The Modular team lists the characteristics that a large modeling tool should have:
Don’t allocate memory unnecessarily: For large amounts of data (such as weights), memory mapping from disk is more efficient than copying data into blocks with allocated memory.
No hash or unique processing required: we don’t want to go to the trouble of checking the equality of 2 GB Blob data; To identify weights, you want to be able to do so by name, not by whether the content is unique or not.

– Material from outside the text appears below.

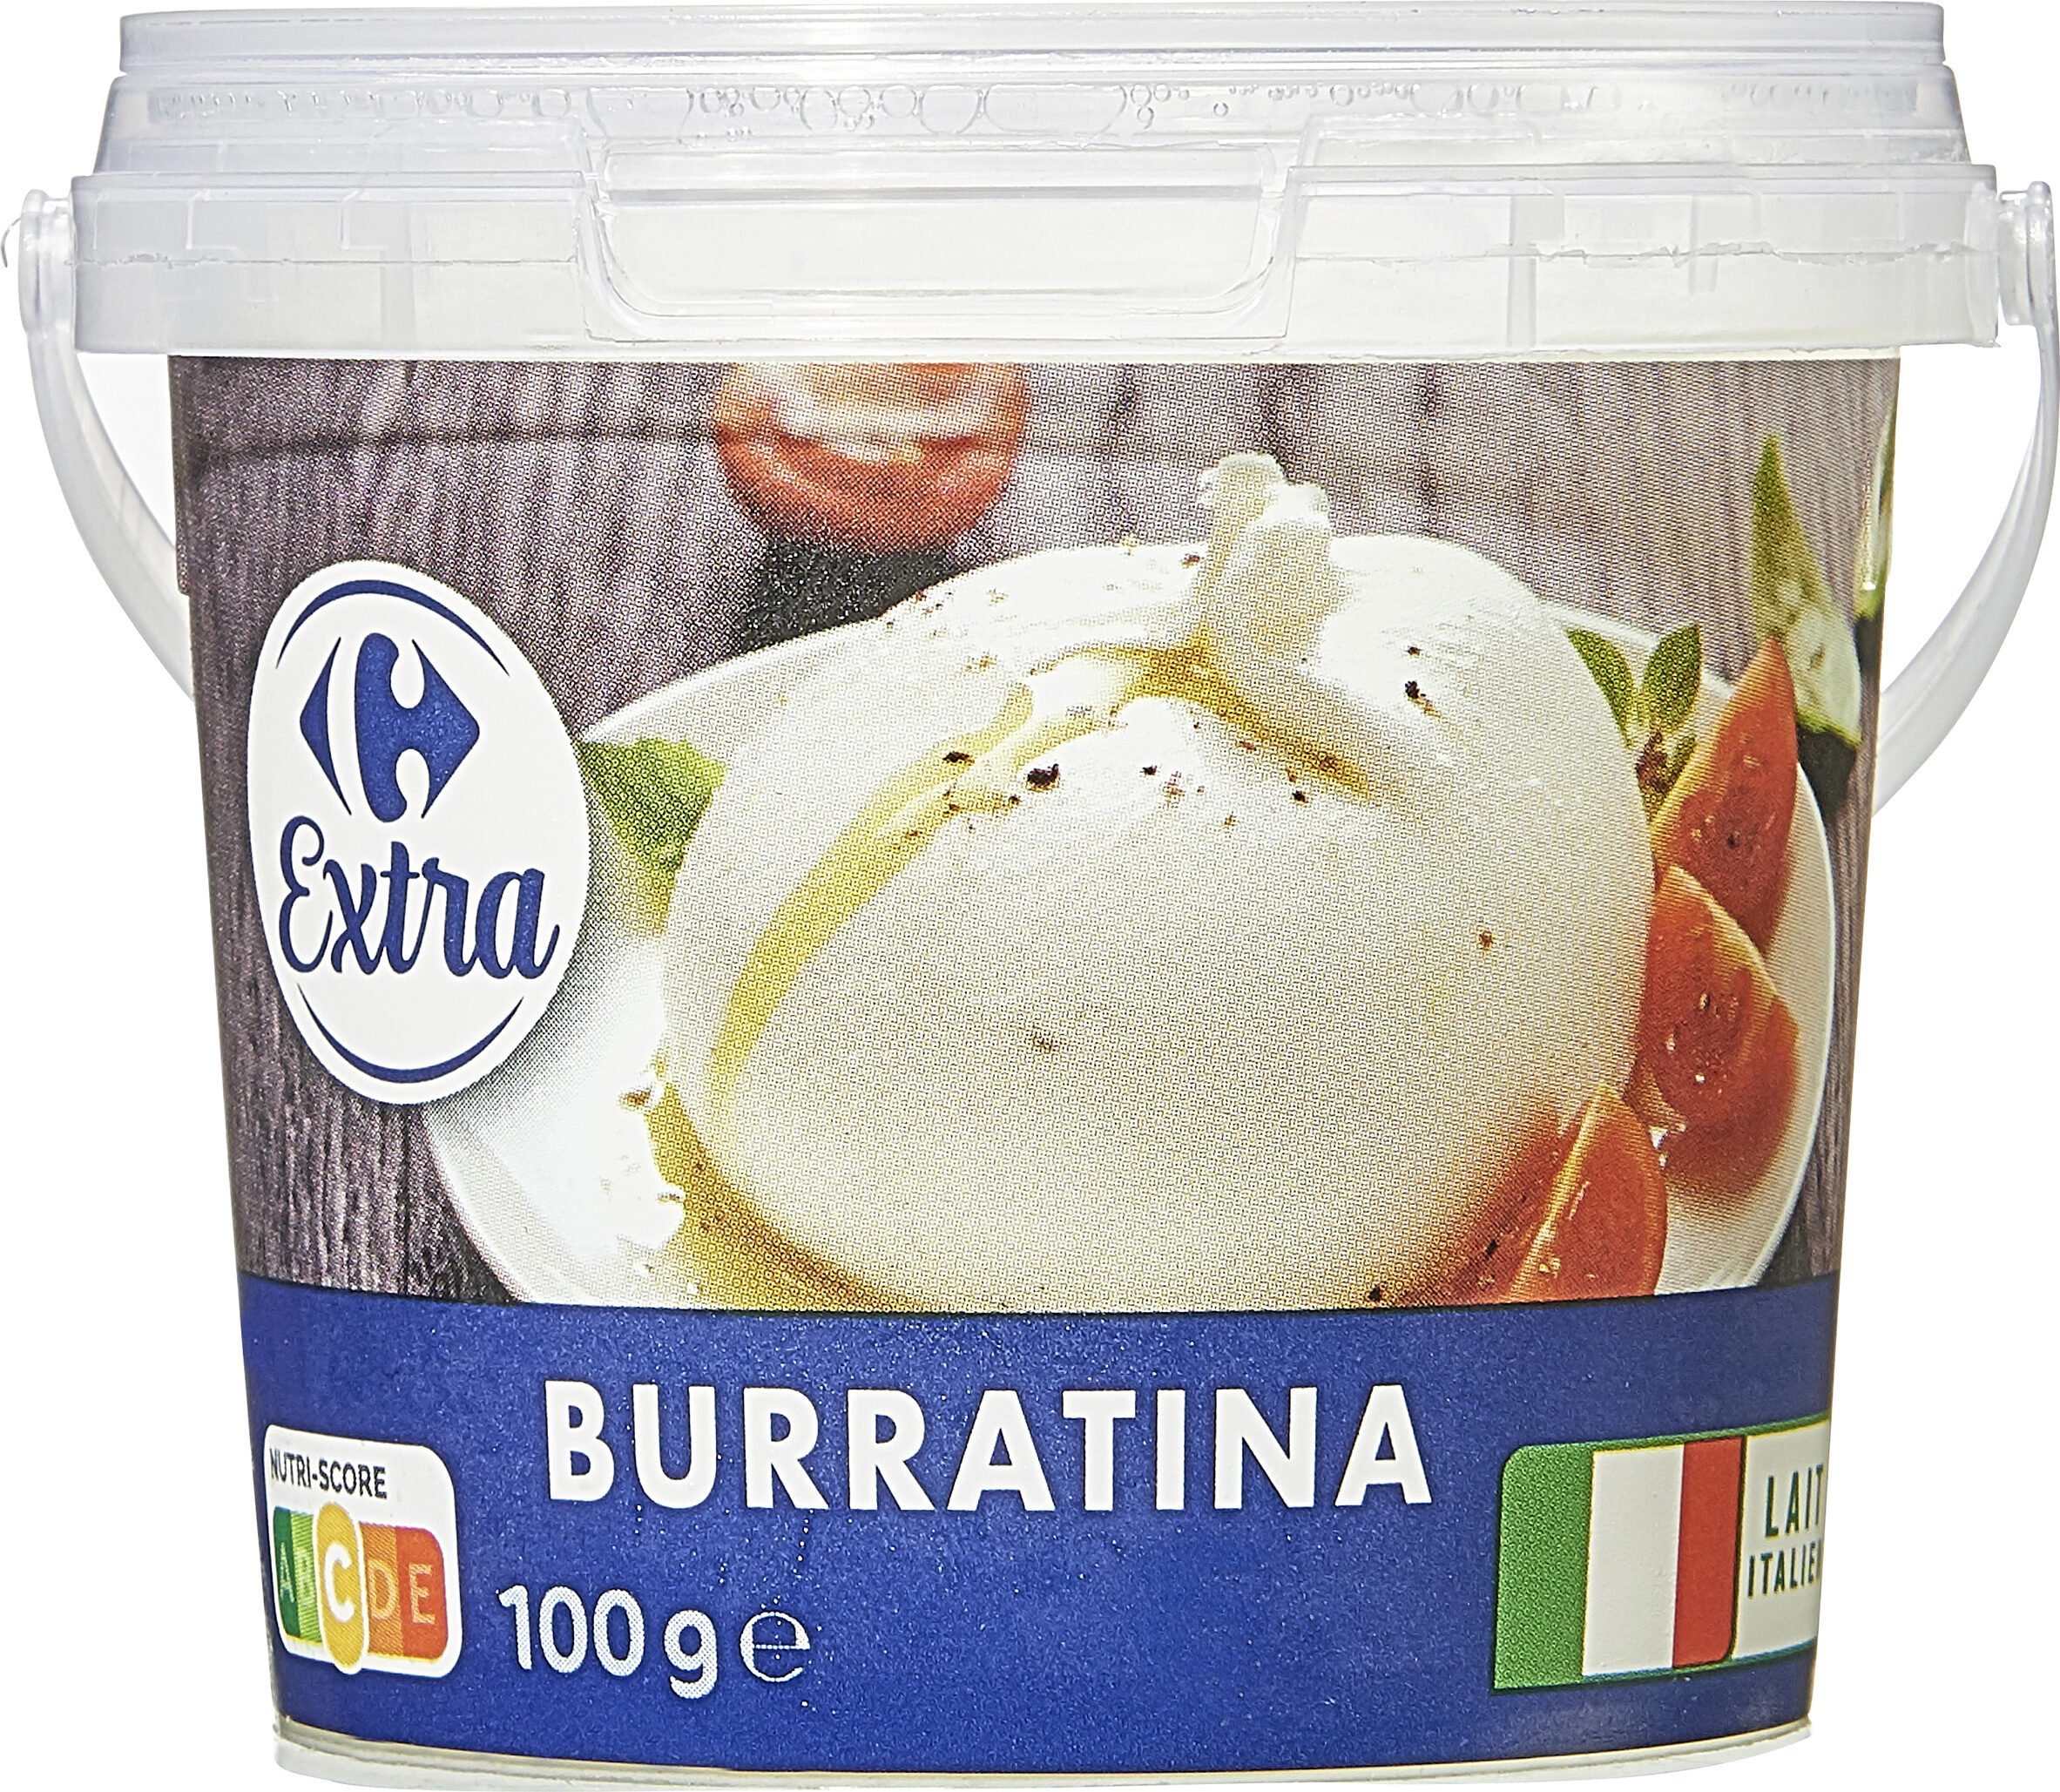 Burratina - Product - fr

Allow Inline Mutation: If the data is only to be used in one place, it should be allowed to quantify, transform, and manipulate the data in its original location, rather than copying the data first.
Allow free memory (deallocation) : Because the amount of data in a large model is so large, it should be allowed to free memory when all references to a piece of data do not exist.
Fast serialization: Whether it’s just-in-time compilation, searching optimization parameters, or local iteration, you need to cache IR, so this step must be fast.
These ideas are not new, but traditional compilers, such as those for typical CPU programming languages, have yet to implement these requirements.

6
Adjust weight attribute
The first four requirements address the fundamental question of how we should use MLIR: Weights, while constant data, should be managed differently from other MLIR attributes. Our weight management has been inappropriate. It’s like trying to squeeze a square peg into a round hole. It’s wasted space, slowed down our development, and increased user costs.
So Modular decided to take a different approach to managing weighted data, which led to MLIR’s first basic extension mechanism, the “Resource mechanism,” which separates data from references to data in calculations.
In the Resource mechanism, each Blob that serializes an MLIR may contain additional segments of information, called resources. The resources are either dialect (a namespace-like abstraction used when extending the MLIR) or “external” resources for a particular toolchain data. The data in the Resource is represented by simple key-value pairs, creating the JSON-like structure shown in the following figure.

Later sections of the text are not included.